Available data:
++++++

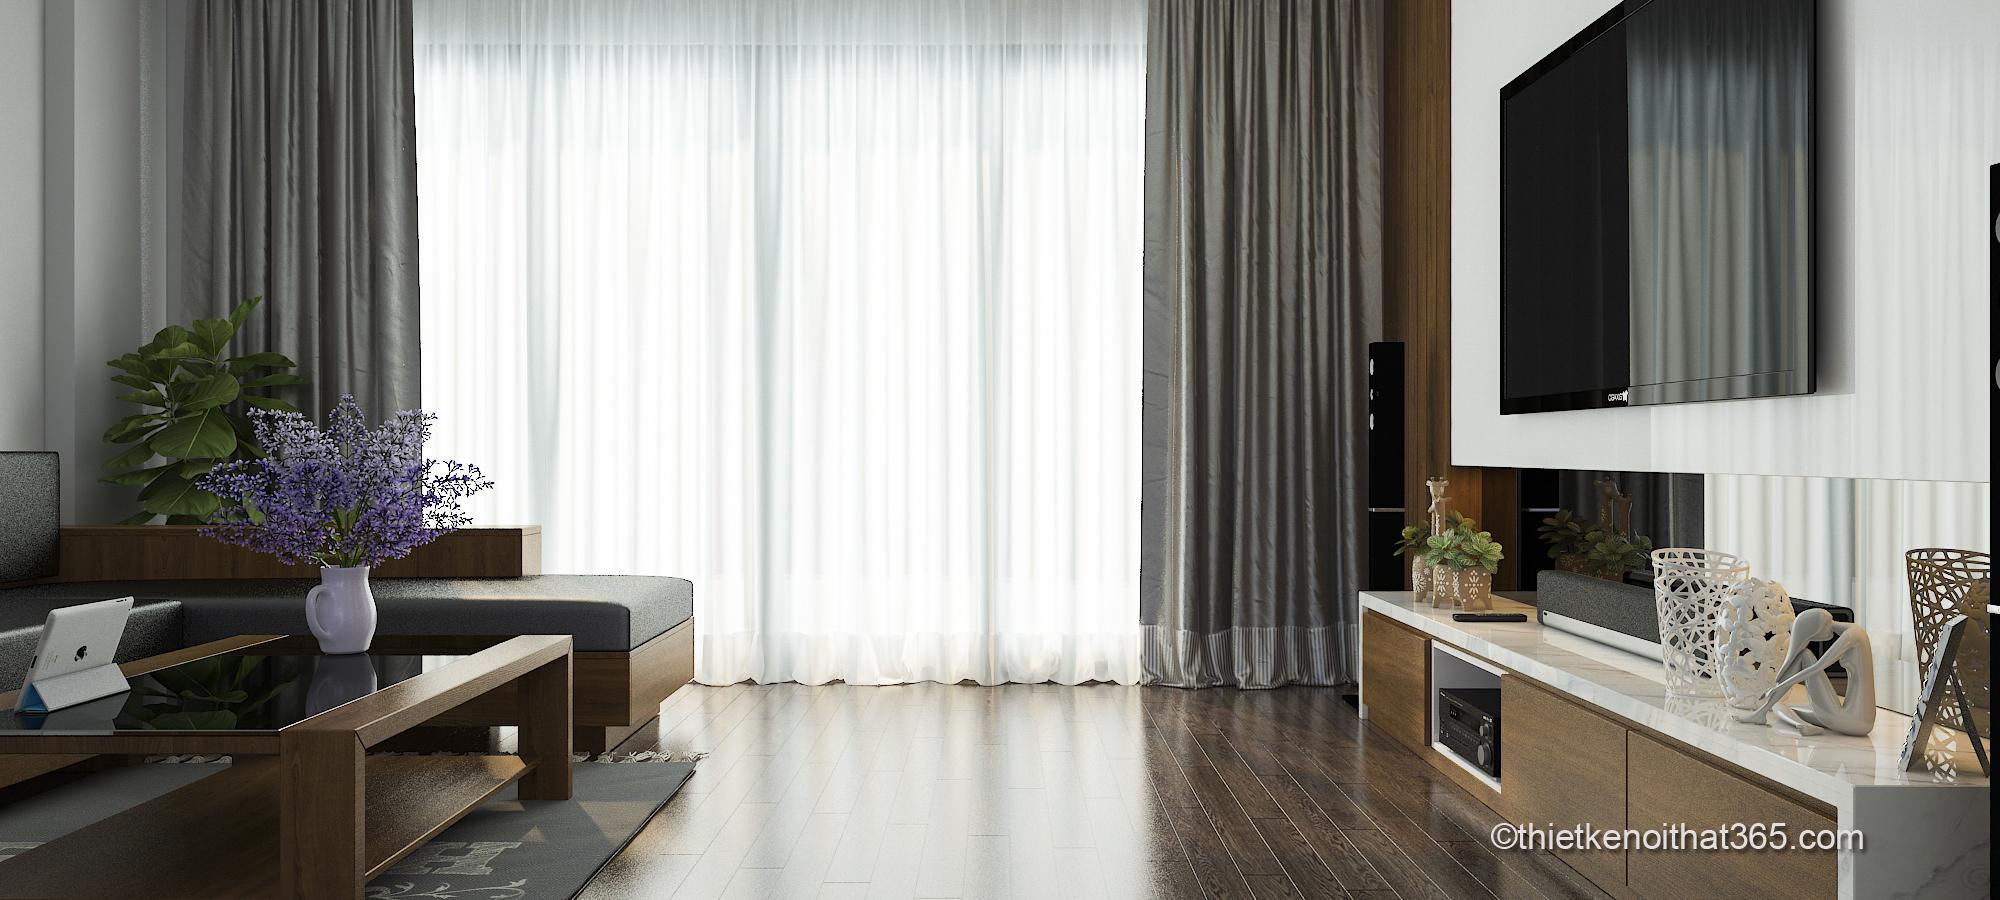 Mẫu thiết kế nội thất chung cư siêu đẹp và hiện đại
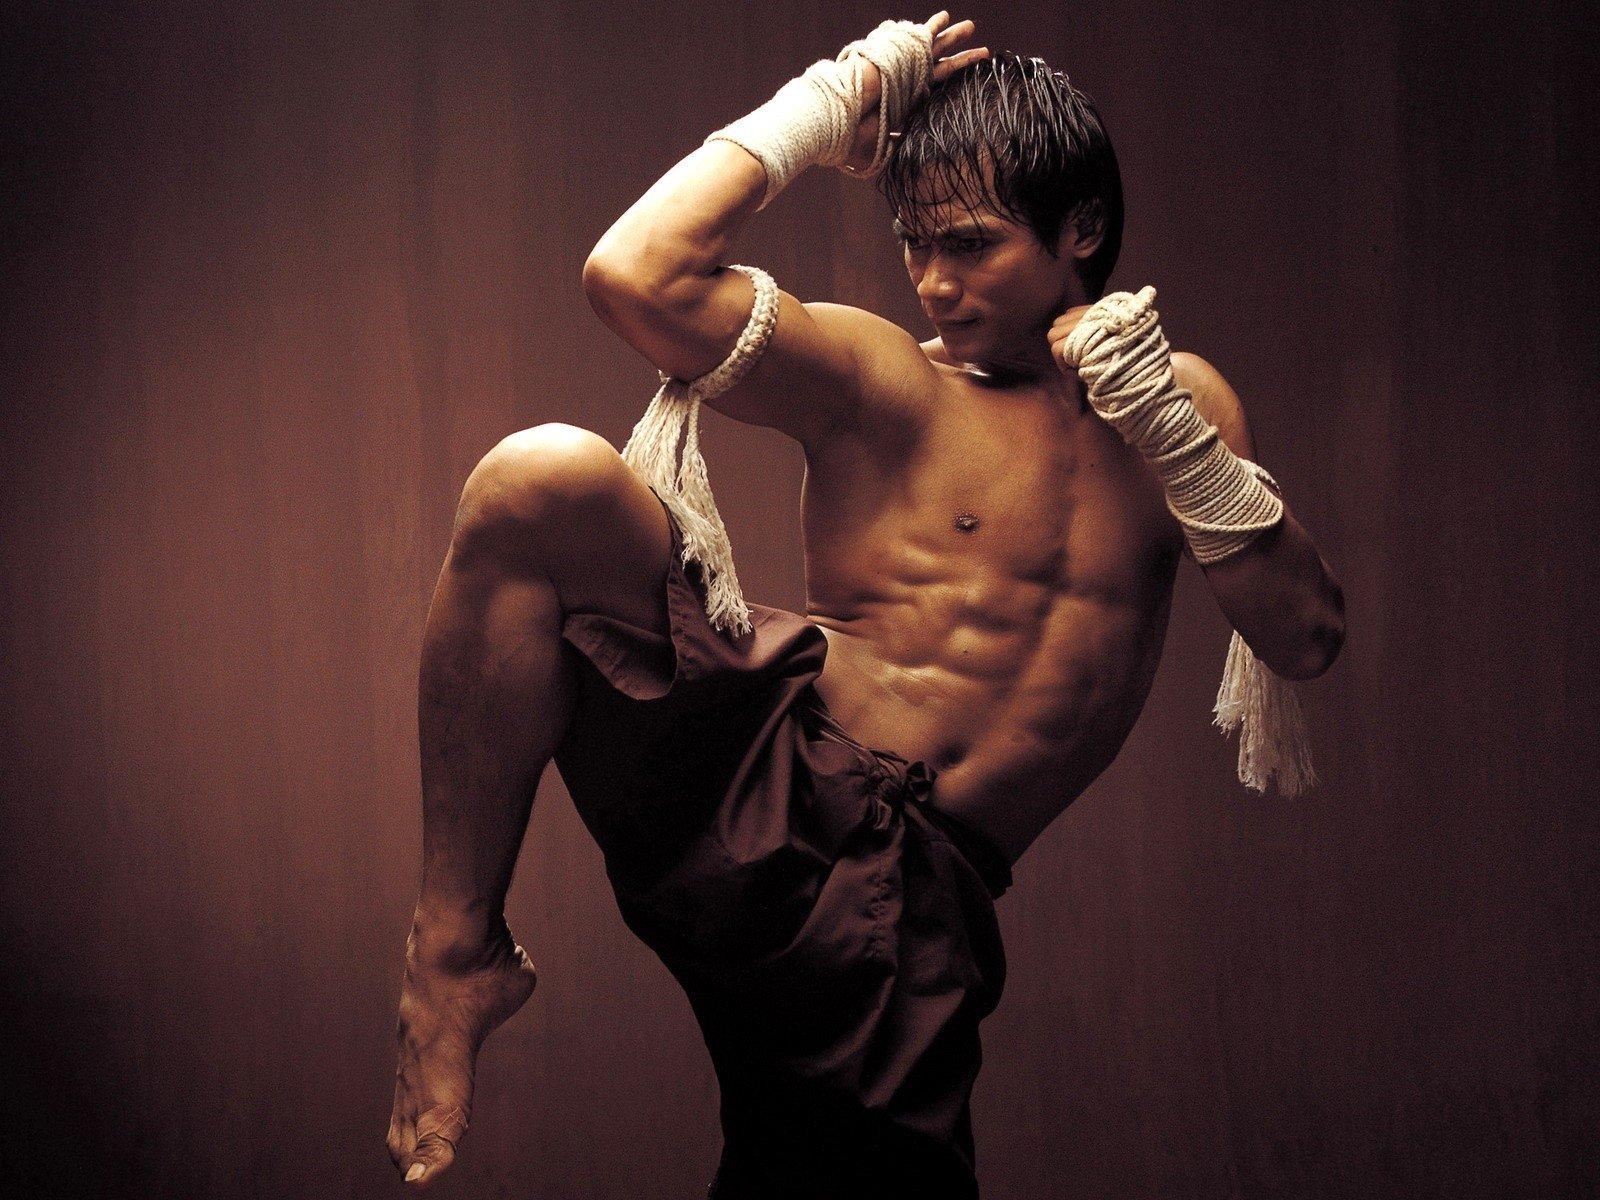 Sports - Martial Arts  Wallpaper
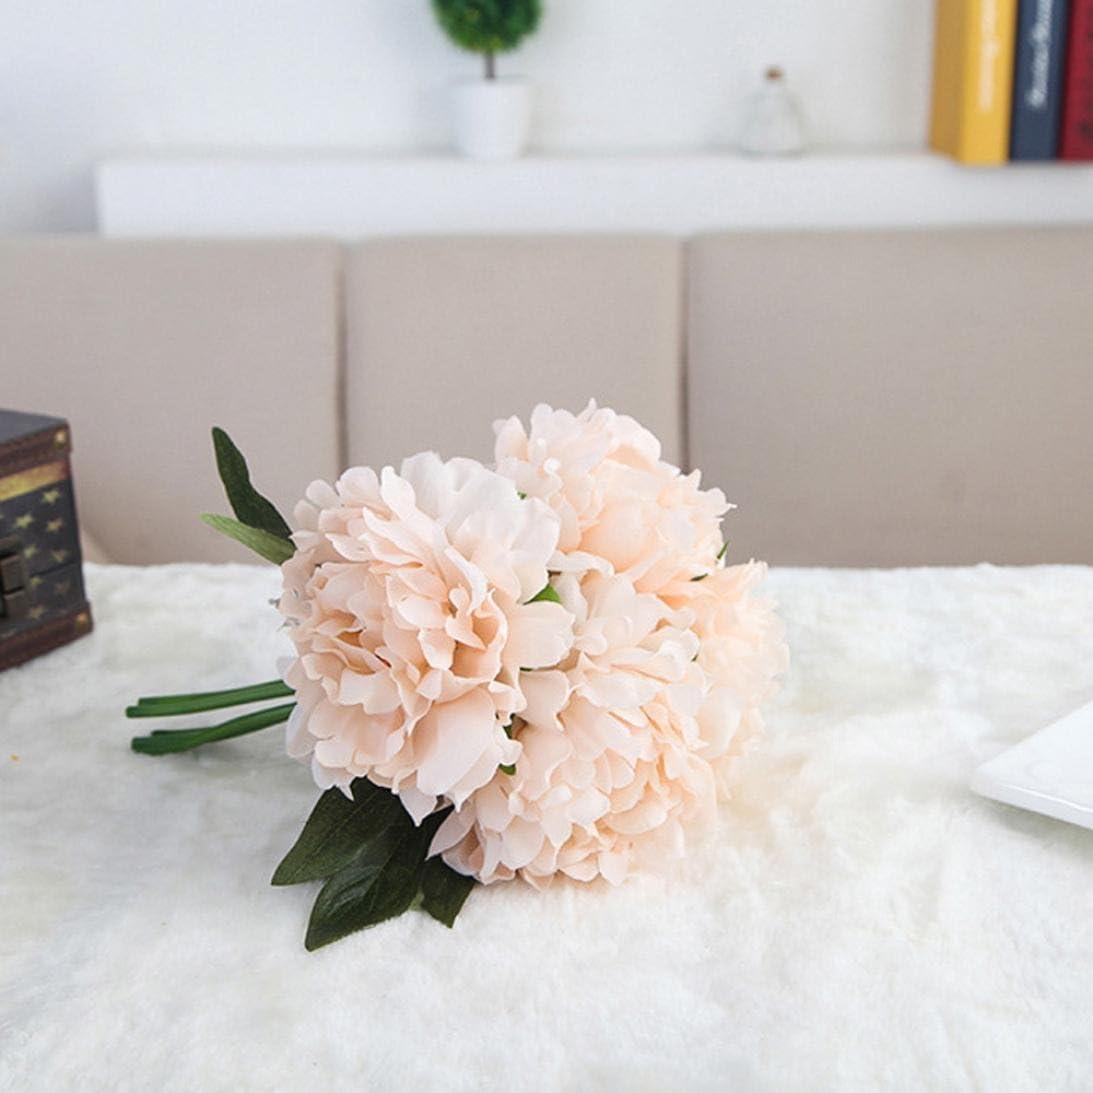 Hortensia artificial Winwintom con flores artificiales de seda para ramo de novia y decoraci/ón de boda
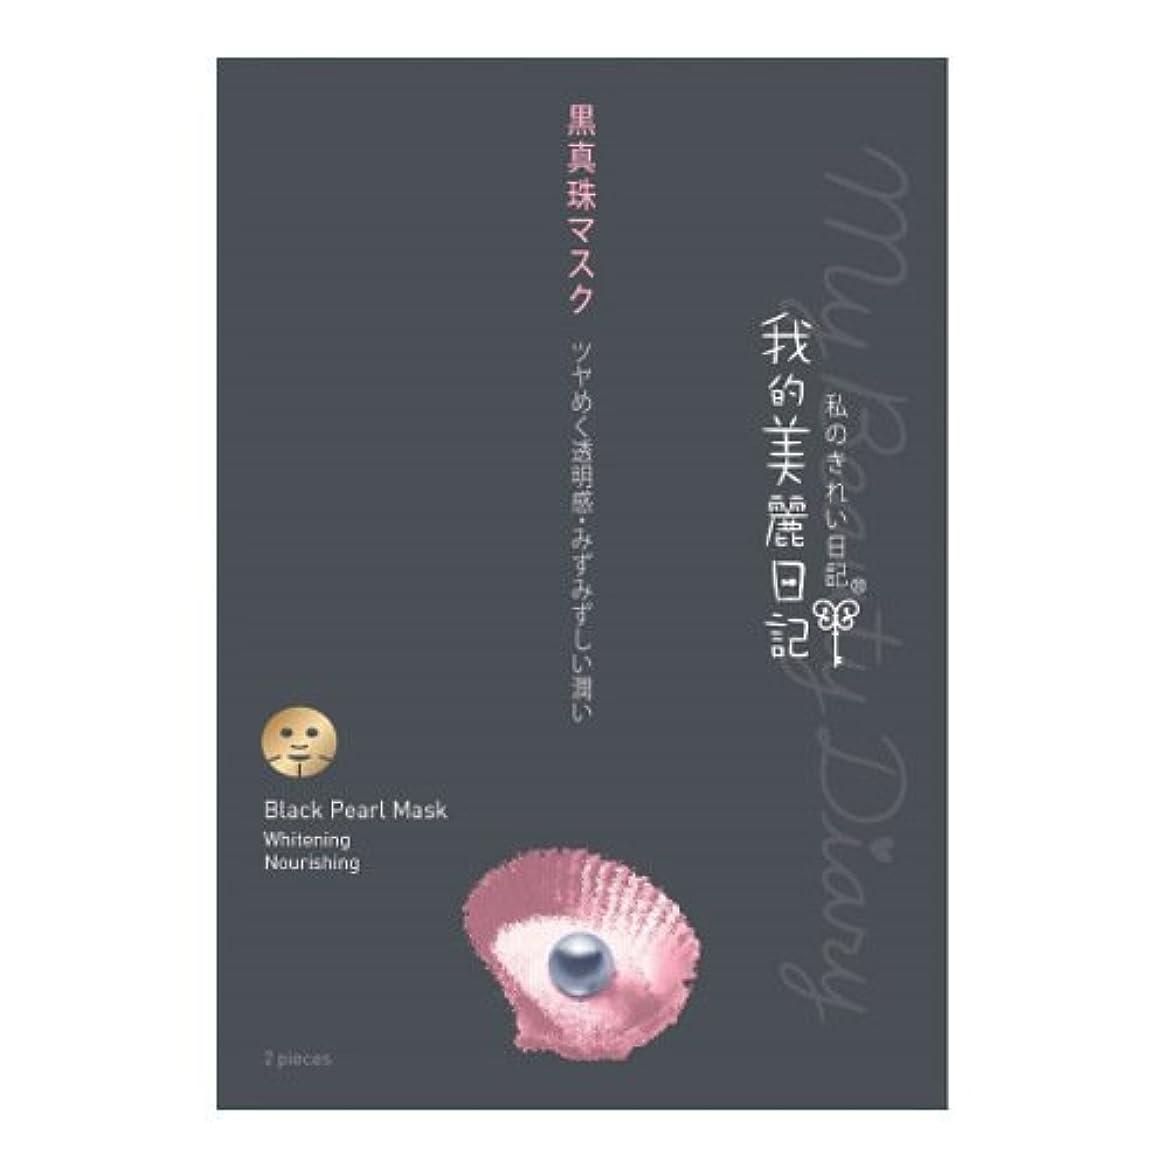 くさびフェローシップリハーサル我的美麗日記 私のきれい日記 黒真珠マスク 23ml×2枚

++++++

Directions:
Quote everything in the listing above exactly; pictures are the only thing to omit.

Task response:
 Mẫu thiết kế nội thất chung cư siêu đẹp và hiện đại
 Sports - Martial Arts  Wallpaper
 Hortensia artificial Winwintom con flores artificiales de seda para ramo de novia y decoraci/ón de boda
 くさびフェローシップリハーサル我的美麗日記 私のきれい日記 黒真珠マスク 23ml×2枚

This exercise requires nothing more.